ALBUM REVIEW: Spoon - Ga Ga Ga Ga Ga
Spoon
Ga Ga Ga Ga Ga
Merge Records, 2007
Try telling anybody that Texas is where it’s at, vis-à-vis indie rock, and you will usually be rewarded with a blank, uncomprehending look. It tells of an uncertainty about whether you’re deliberately messing with their head or whether you’re merely some kind of ex-Eastern Bloc tourist trying to gain college cred with whatever weird notions of American culture you picked up on Radio Free Europe. I myself can live with either accusation, because the truth will out. Those who persist in branding Texas as merely a safe-haven for beard-bearing boogie bands and Edgar Winter forget the following indomitable truths:
A) Buddy Holly’s glasses were the original indie icon: he emancipated generations of scrawny kids to take up arms in the form of a Stratocaster and thick horned-rims. Rivers Cuomo, Graham Coxon, and Elvis Costello to name a few: where would they have sprung from if not for our man from Lubbock?

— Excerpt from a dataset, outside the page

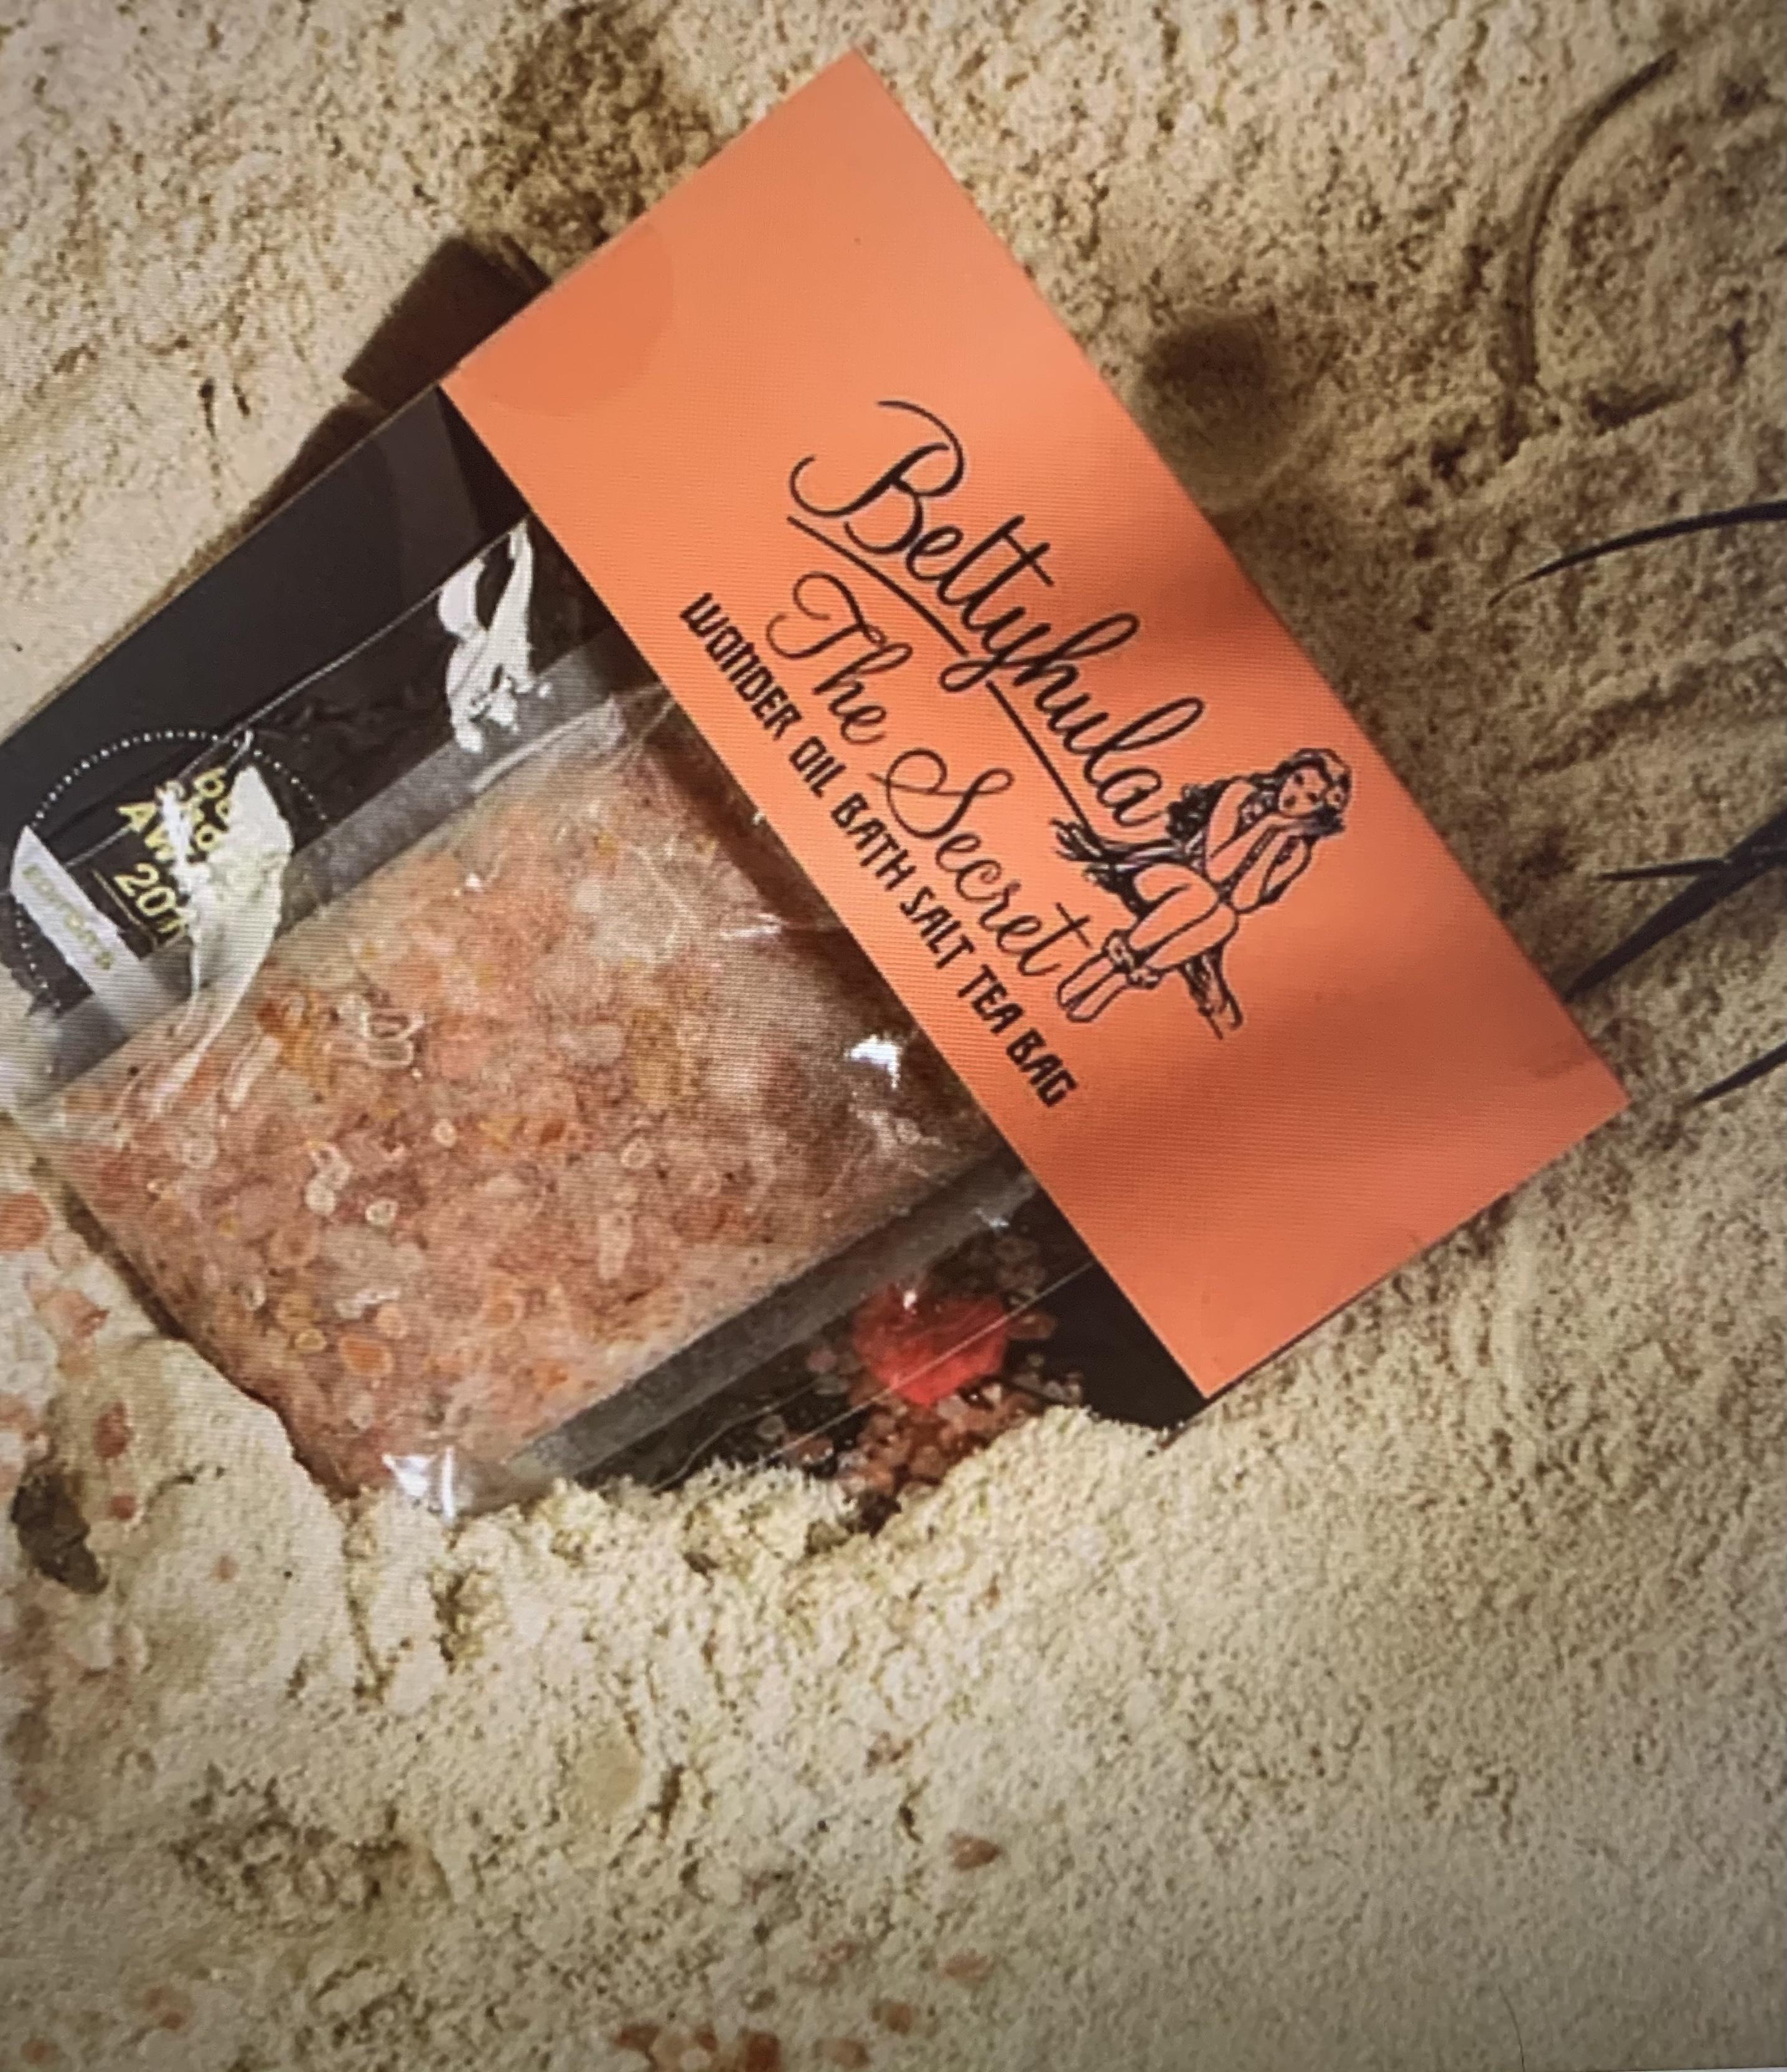 Betty Hula The Secret Wonder Bath Oil Tea Bag 40g

B) SXSW and Austin City Limits. The South by Southwest Music Festival held every year in Austin is Mecca for all Indiedom. If you haven’t heard of it, you probably aren’t reading this review. And if you haven’t seen Austin City Limits, which for years I assumed was some kind of Grand Ole Opry-type show, I suggest you pay our friend Mr. Wiki a visit. And on the way, stop by Ol’ man YouTube and see if you can catch a late-model Guided By Voices appearance. Manna from nirvana of high-kicks and beer.
C) Spoon is also from Austin.
New Spoon fans will be startled to realise that Ga Ga Ga Ga Ga is the band’s sixth long-player in a recording career that started with the Nefarious EP way back in 1994. Since then, we find an increasingly slick sounding, and frankly astonishingly-produced Spoon honing their metronomic pop, full of little interludes: bips and bops and sampled sounds over tried and true maracas, guitars, basses and drums.

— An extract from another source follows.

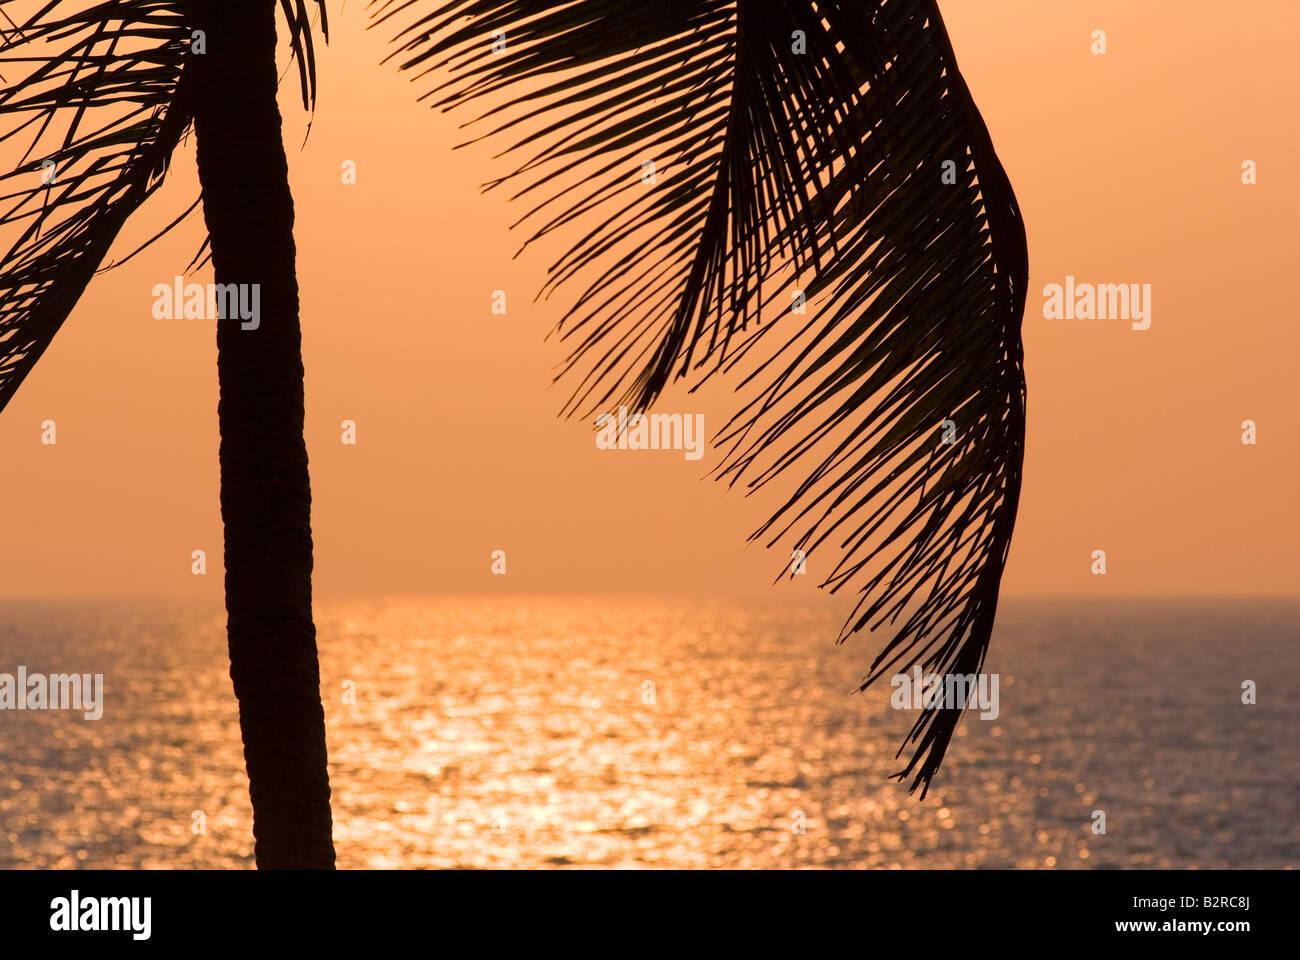 Palm Trees, Arambol, Goa, India, Subcontinent, Asia - Stock Image

Around 2002’s Kill The Moonlight, Spoon began to explore the idea of songs that don’t gain in intensity, but shift focus from instrument to instrument, each hammering home its own choppy little groove, from the Waiting For the Man pianos to the Mother Sky drums. The brilliance is in the balance of the production. Every little band these days has access to recording equipment that can produce more overdubs than Enya. It is refreshing, then, to hear a band that prefers to allow the thread of a song to be carried by a few well-chosen instruments, rhythms and interesting sounds. All of which serve brilliantly to convey Britt Daniel's quirky, well-observed lyrics.

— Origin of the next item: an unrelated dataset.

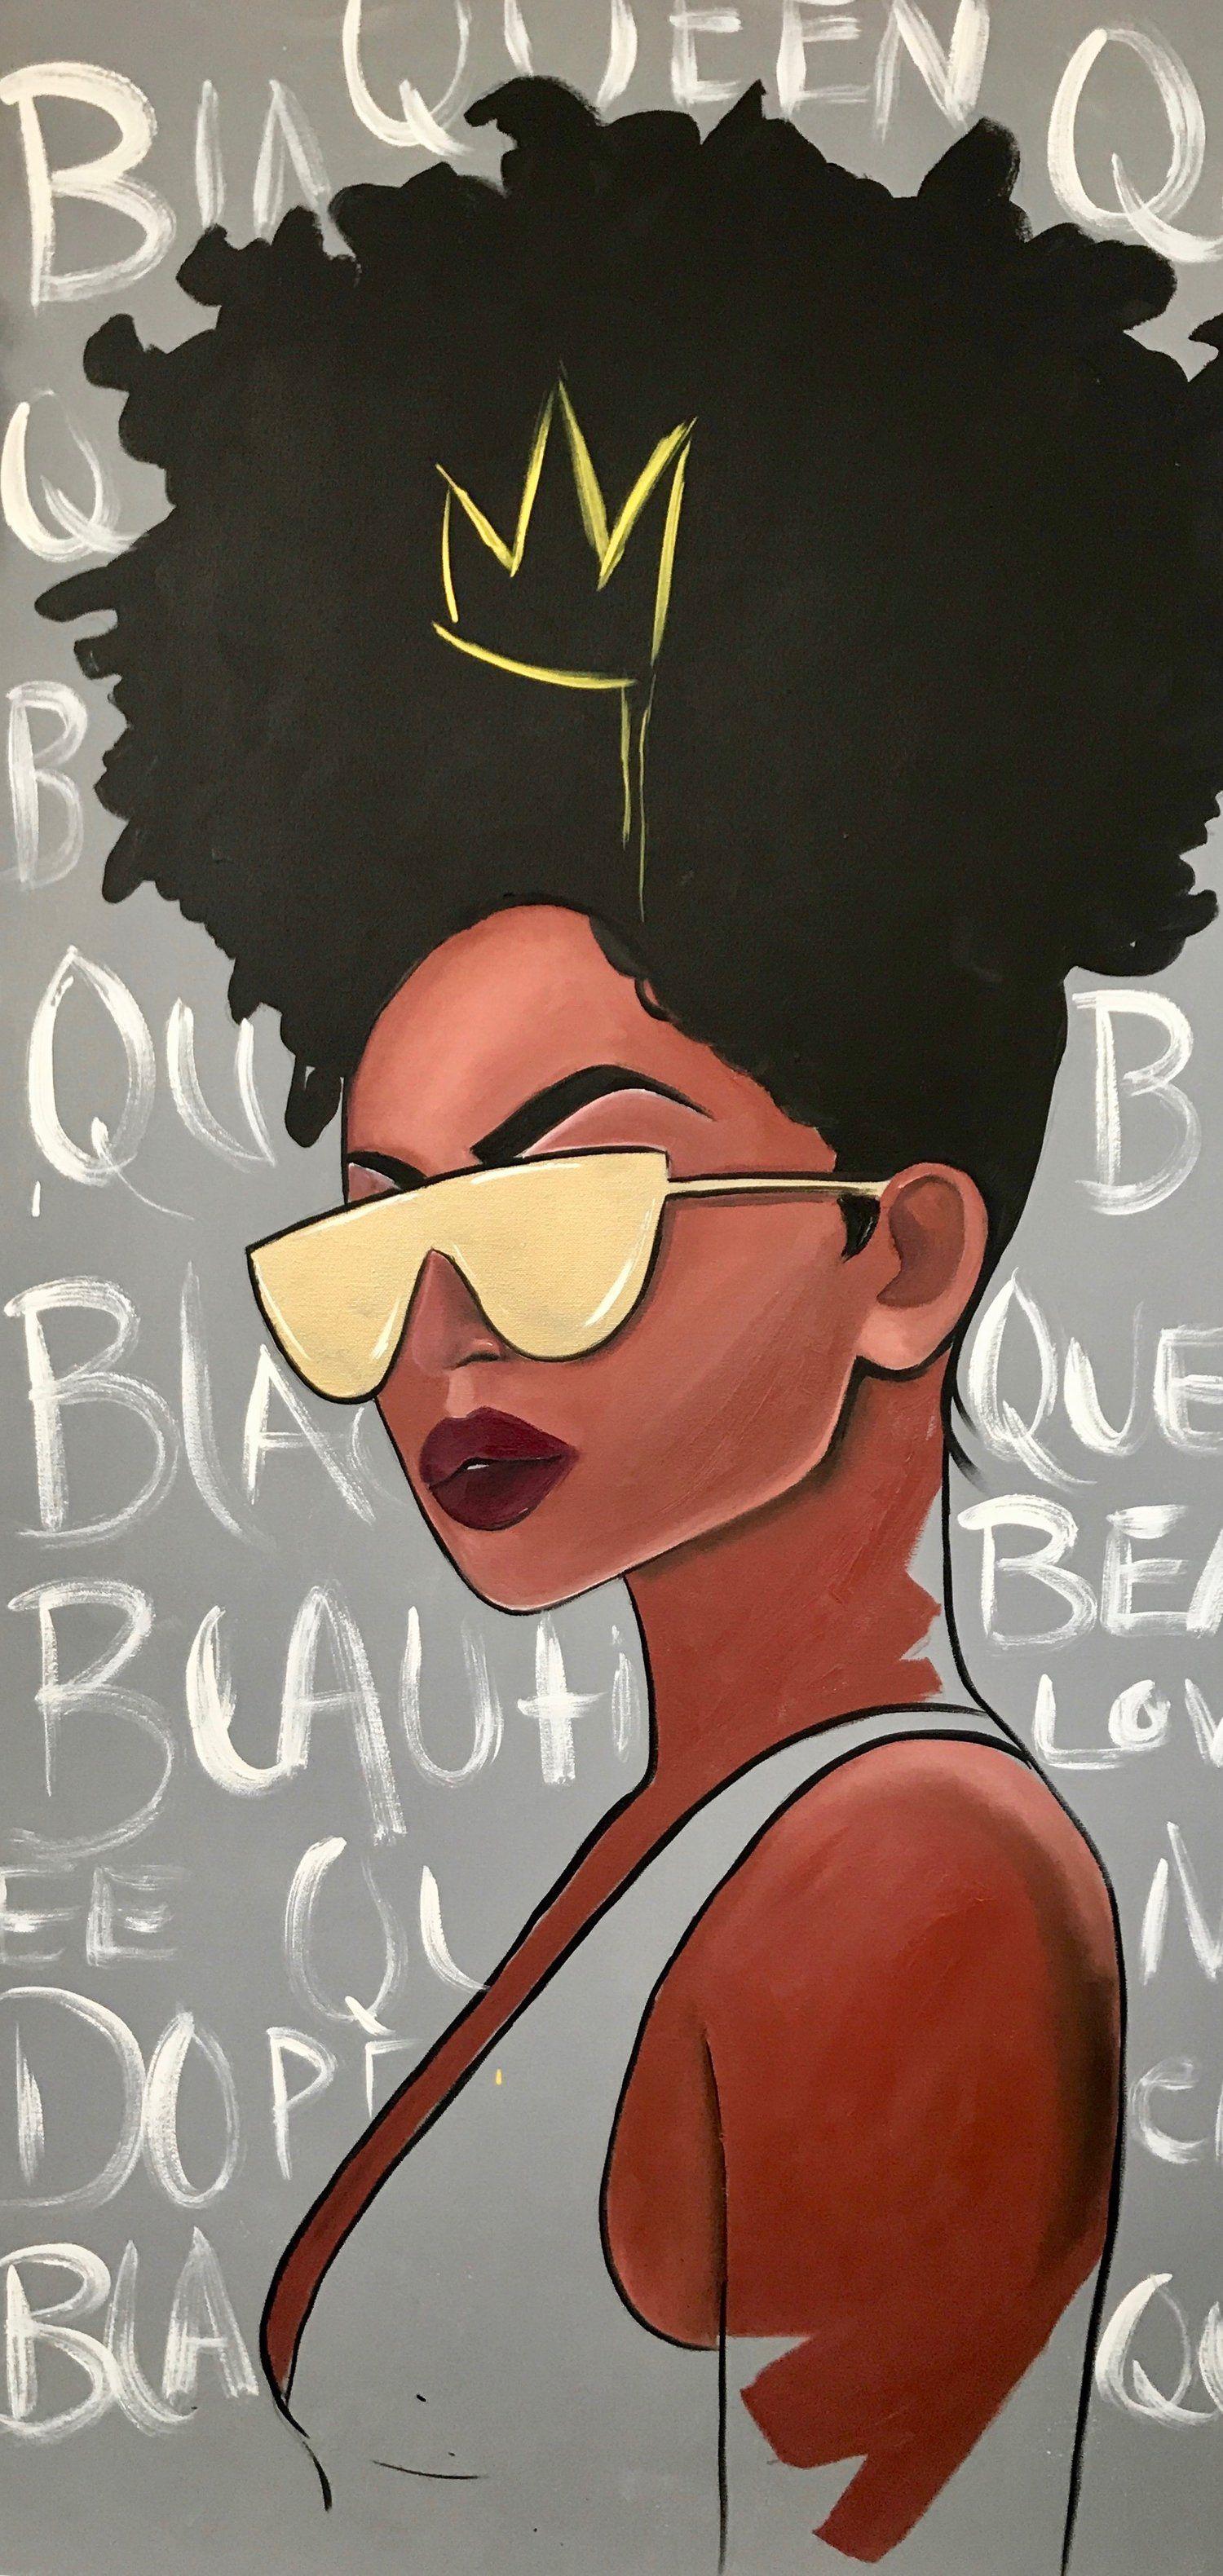 Black Queen Black Art Painting Black Girl Magic Art Black Love Art

Relating a specific experience often has the converse effect of taking a personal story into the universal truth, one to which we can all relate. In a song like Eddie’s Ragga, Daniel comes up with lines such as “He’d parted ways with diction, but this was late last night.” We’ve all met (or been) that guy: the nocturnal close-talker, the insouciant laissez-faire eternal youth of midnight. “And it’s been so long since I’d been suitably high / So we did an airborne and settled in for the night.”
Ga Ga Ga Ga Ga has many of Spoon’s characteristic pile-driven rhythms, especially on opener Don’t Make Me a Target, but the surprises really lie in the diversions. The jaunty Motown swing of You Got Yr. Cherry Bomb, sounds like a long-lost Spector production. The Underdog, recorded with Jon Brion doing a wonderfully tasteful Brian Wilson impersonation, conjures the nu-soul revival of the eighties, albeit in a good way.
In essence, Ga Ga Ga Ga Ga is the kind of album bands need to release in order to survive. From the opening notes it's incontrovertibly Spoon, and yet is no rehash of what came before. It continues the quest of distilling whatever Britt Daniel envisions as musical perfection into its purest form. The man himself probably doesn’t think he’s even halfway there. From where I stand, however, it sounds pretty damned close.